If your actions inspire others to dream more, learn more, do more and become more, you are a leader.
John Quincy Adams
I’ve spent a lot of time really thinking deeply about teachers and their morale at least through the duration of my professional career. When I was in the classroom, I didn’t subscribe to the groups of teachers who found fault with every aspect of their career–instead, I subscribed to the mantra “be the change you want to see in others.” And I think I did a fair job of it. Where I see a problem, I search for solutions, and importantly, I act on those solutions. I rarely sit around and complain about something…I solve. I do. I lead.
So, it’s a challenge for me to solve a problem as big as teacher morale. I know, you know, we all know teachers have been beat down of late, and whether it’s the public perception, the assumptions about public perception, what a single politician says or does, or the seemingly endless mandates and mandates and mandates seeking to change education but instead continuing to burden an already overwhelmed workforce, teachers have a LOT of stress to deal with.
That’s a problem I can’t solve. I can examine it from a million different angles, but I cannot make their jobs any less overwhelming–for every problem I can help solve, 10 more issues arise in the process. I can streamline, simplify, provide resources, answer questions, be a point of contact, and make some of the stresses easier to manage, but I cannot single-handedly improve the morale of all these professionals.
A while ago, I wrote a post about teachers focusing on controllable factors of teaching, and I’m recalling that post as I think about the controllable factors of improving morale. I cannot improve the morale of the entire workforce, but I am entirely in control of my role in each and every interaction I have with teachers. I control my mindset going into the interaction, I control my attitude during the interaction, and I control my mindset as I leave the interaction–all of which has a direct impact on how the teacher perceives the interaction. I can leave a positive impact or a negative one, but whatever I do, I do leave an impact.
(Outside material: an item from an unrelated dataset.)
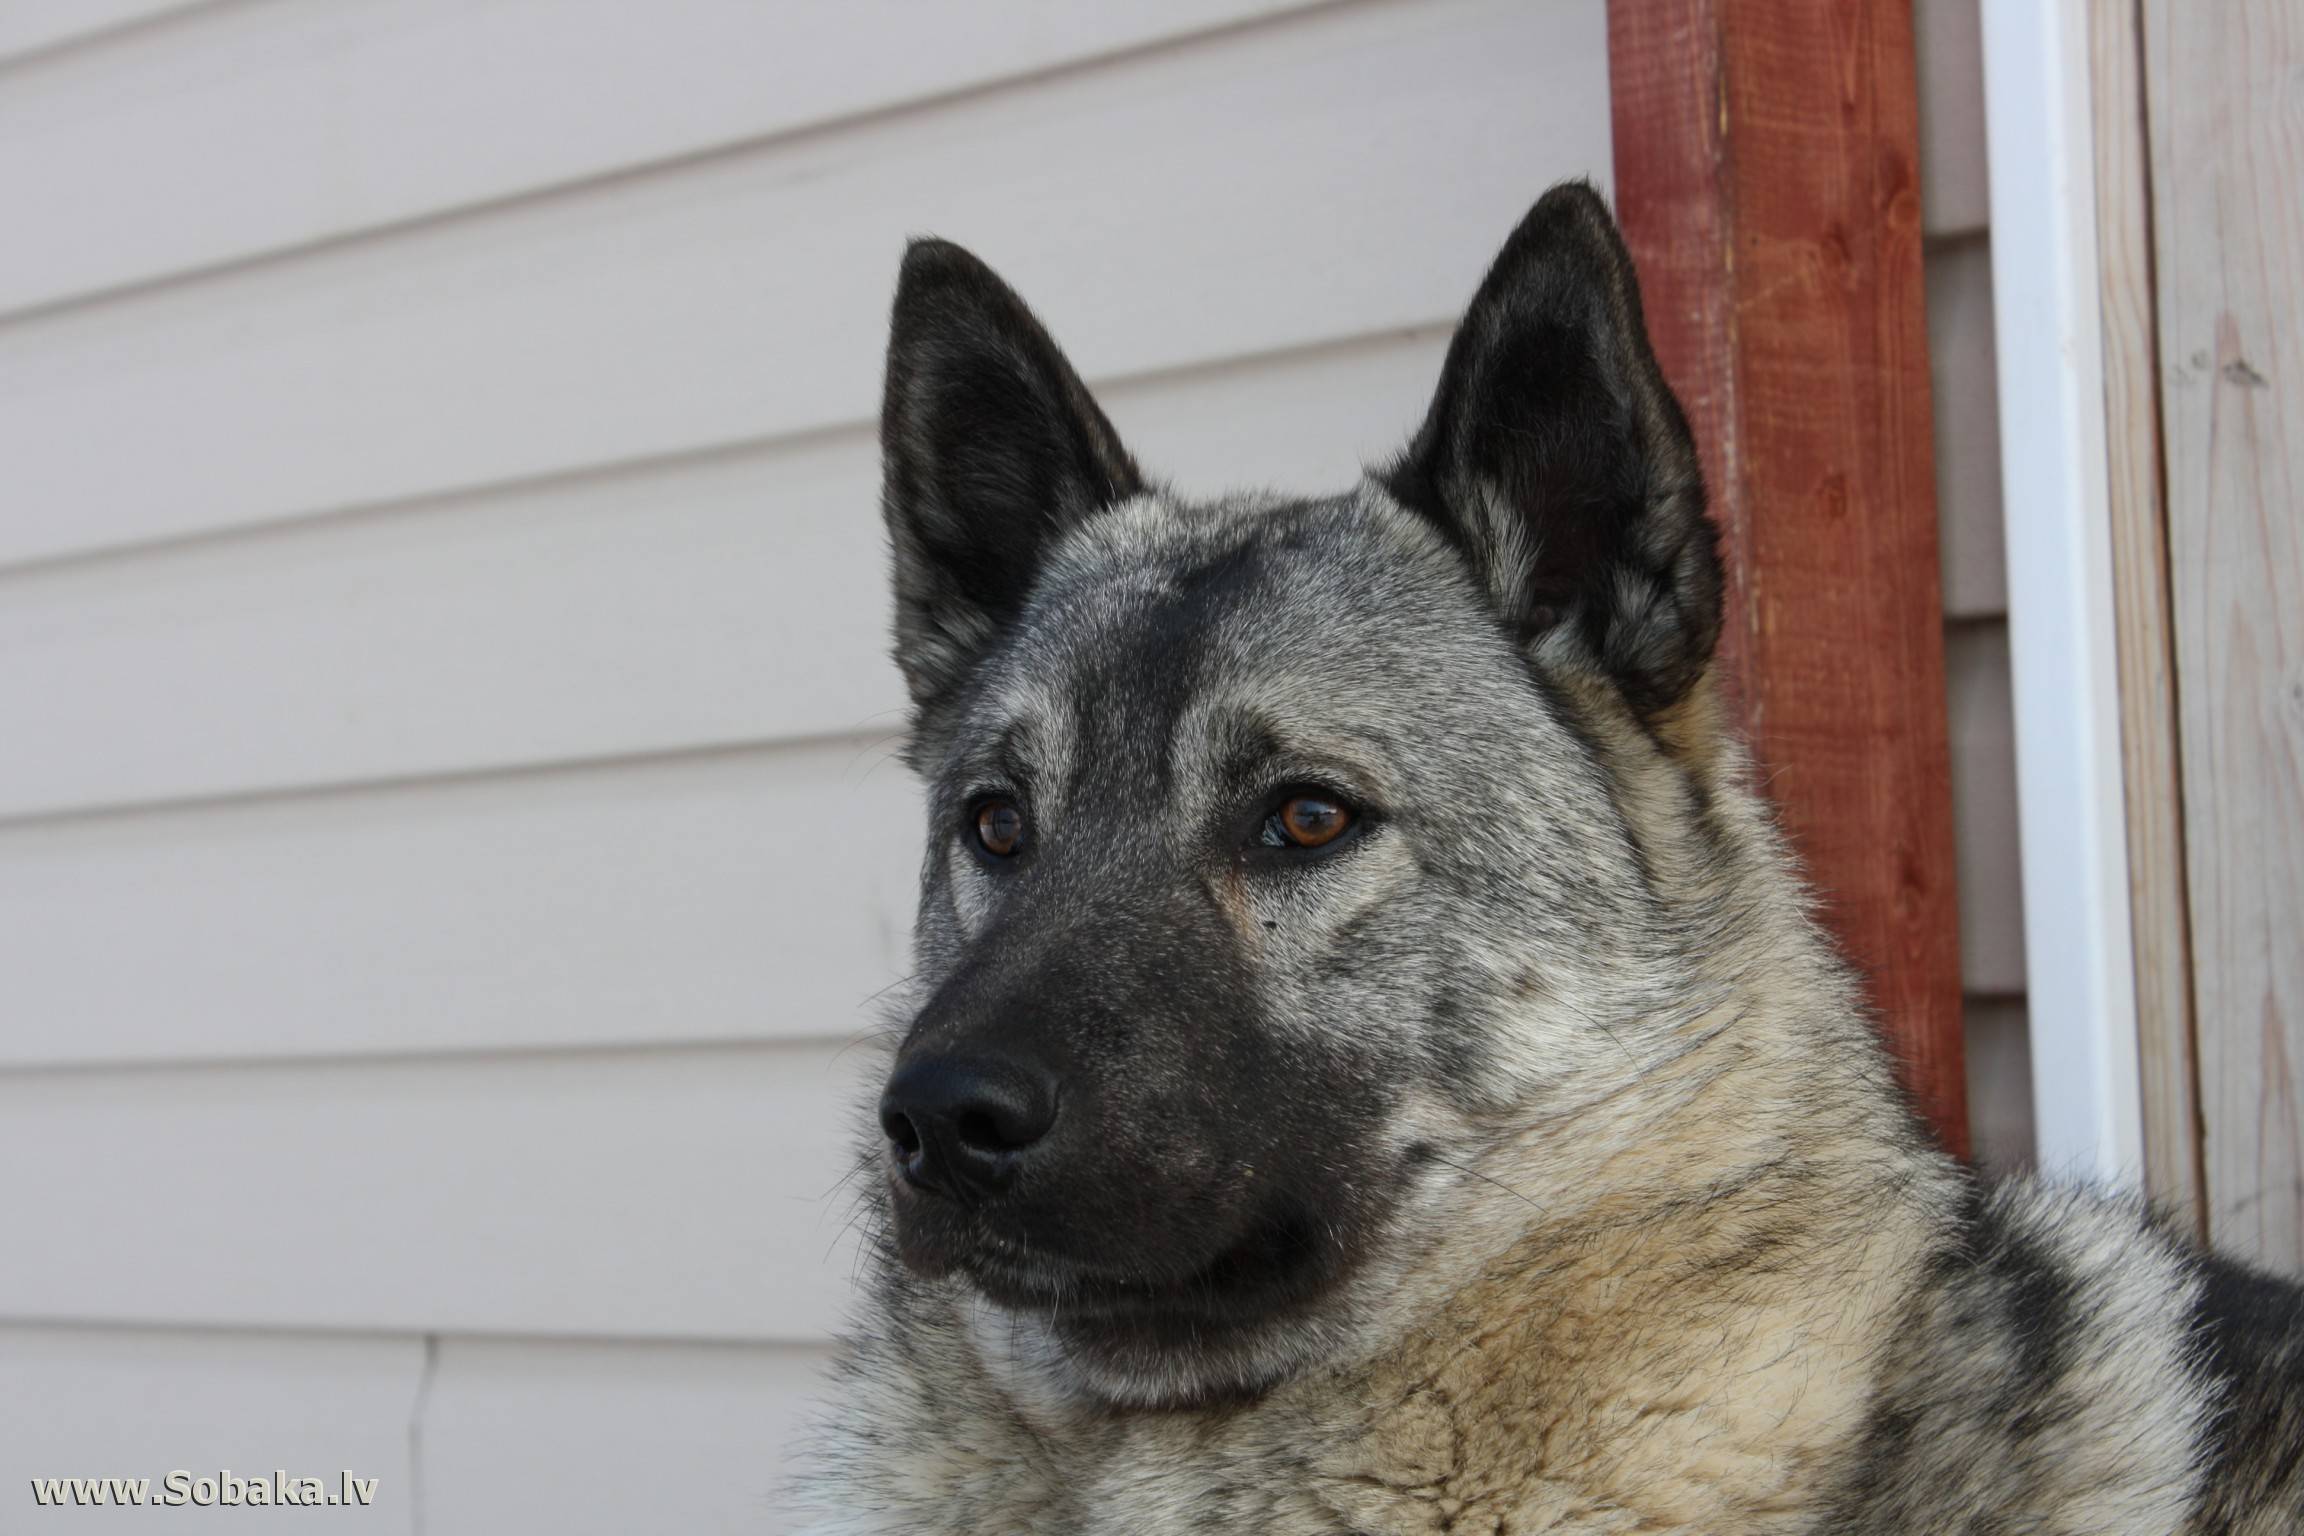 Характеристика собак породы норвежский элкхаунд с отзывами и фото

My goal as a leader, then, is to make sure my impact is positive. I want teachers to feel good, supported, encouraged, engaged, excited, motivated, and hopeful about the job they do; therefore, I need to leave positive impacts that cultivate this. I need to enter interactions with positivity; I need to conduct myself in ways that foster excitement for education and the job we are all working to do; I need to not load myself down with negative attitudes and predispositions that temper my conversations and the ways I treat others. I need to recognize that every moment is a moment to either inspire greatness or set a course for defeat.
I cannot change the morale of the profession, but I can impact the morale of each individual professional I meet.